* _Work required_
Could you repeat the data word for word while skipping the pictures?

* _Supplied information_
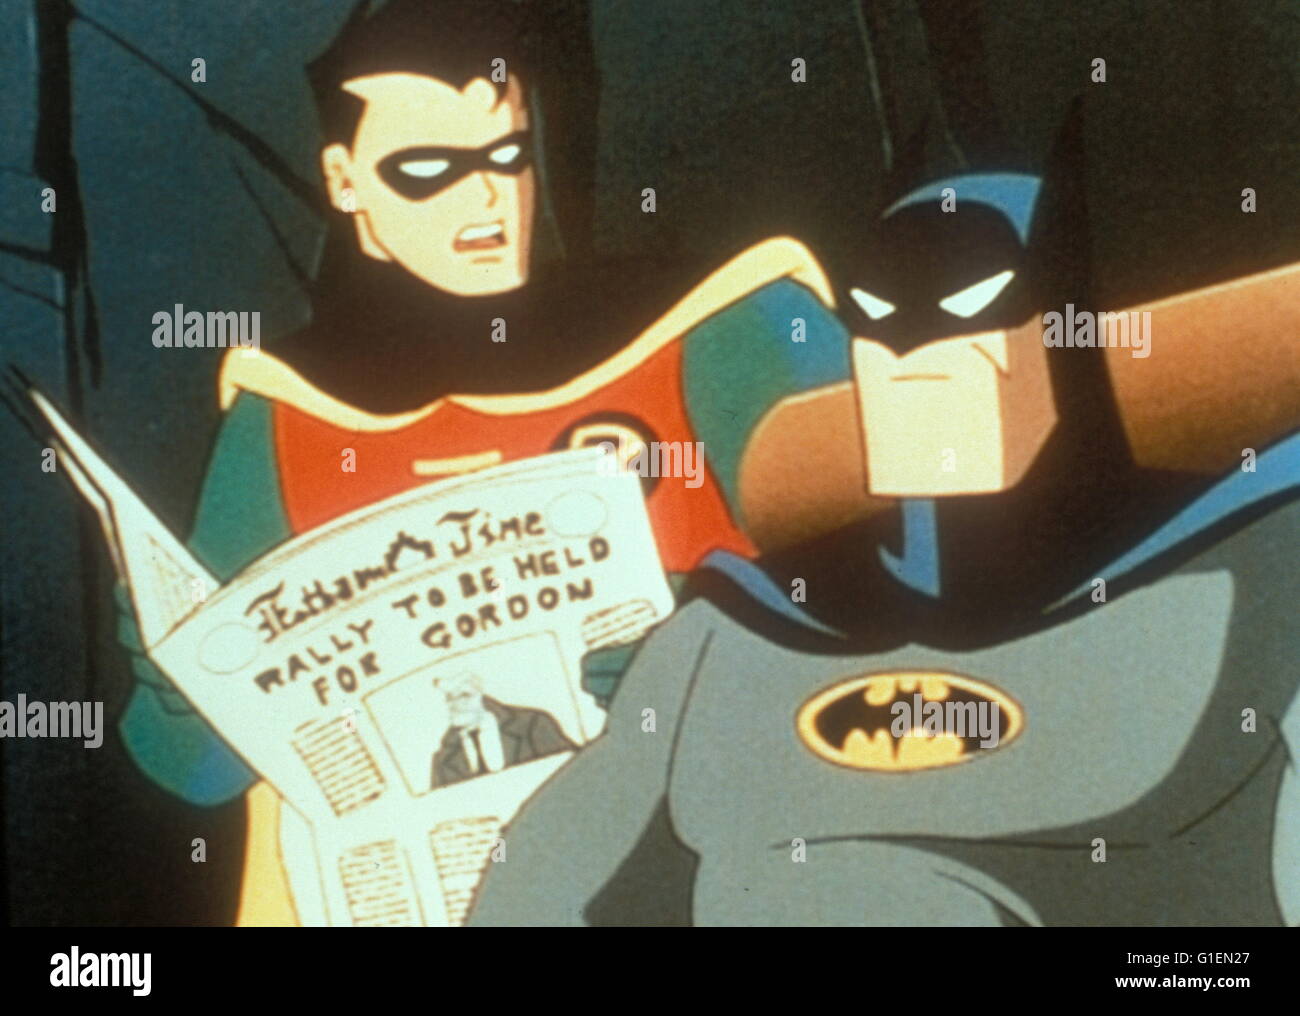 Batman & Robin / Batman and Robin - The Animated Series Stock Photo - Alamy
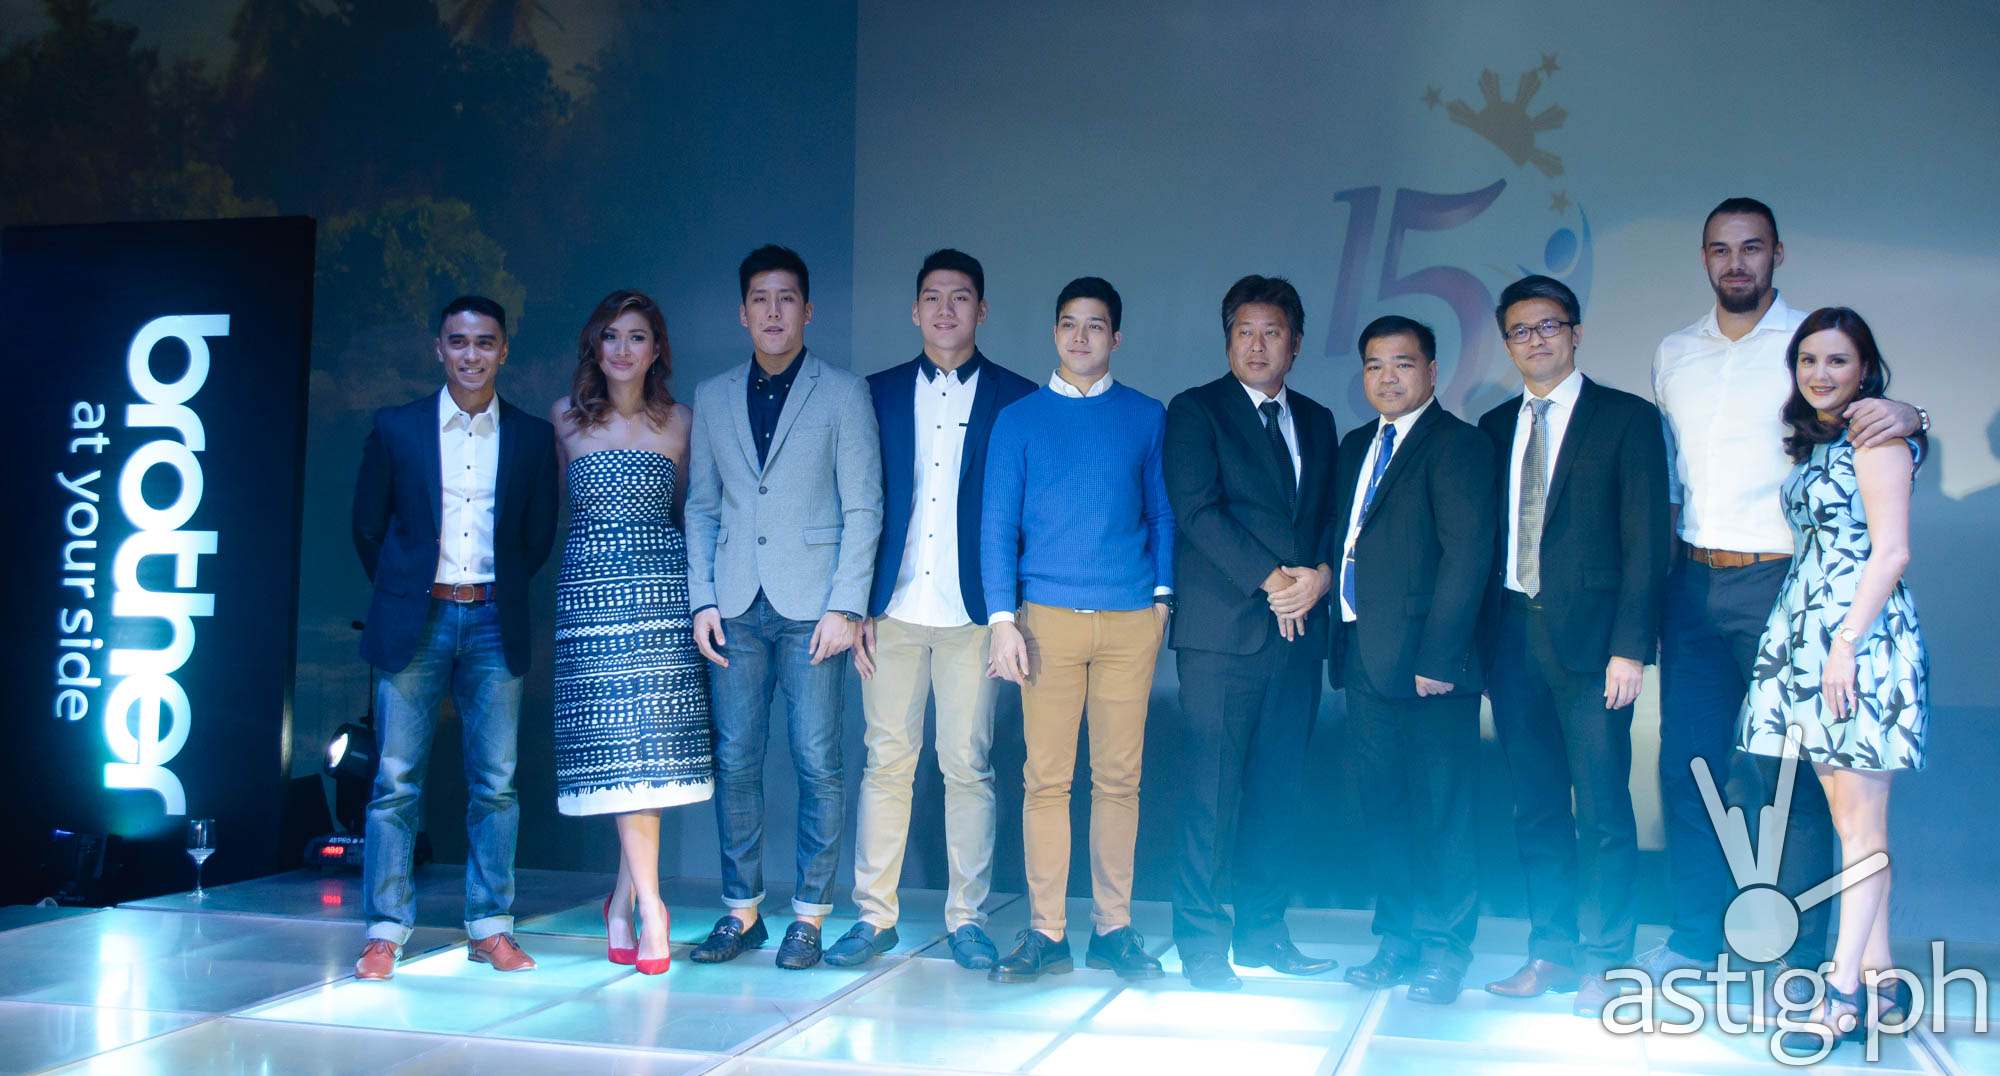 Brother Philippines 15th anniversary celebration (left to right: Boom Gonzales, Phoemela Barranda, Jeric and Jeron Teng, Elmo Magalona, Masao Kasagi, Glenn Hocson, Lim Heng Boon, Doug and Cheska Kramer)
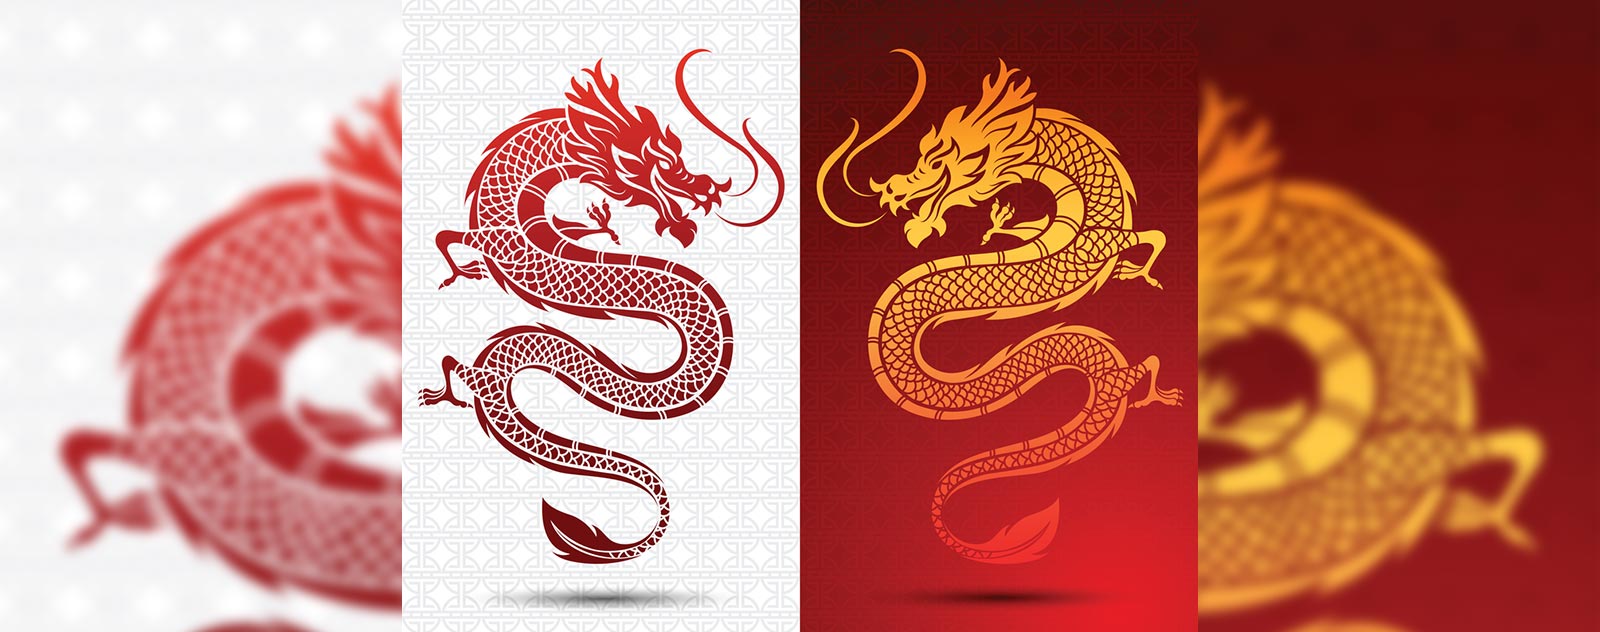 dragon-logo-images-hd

* _Result of the exercise_
 Batman & Robin / Batman and Robin - The Animated Series Stock Photo - Alamy
 Brother Philippines 15th anniversary celebration (left to right: Boom Gonzales, Phoemela Barranda, Jeric and Jeron Teng, Elmo Magalona, Masao Kasagi, Glenn Hocson, Lim Heng Boon, Doug and Cheska Kramer)
 dragon-logo-images-hd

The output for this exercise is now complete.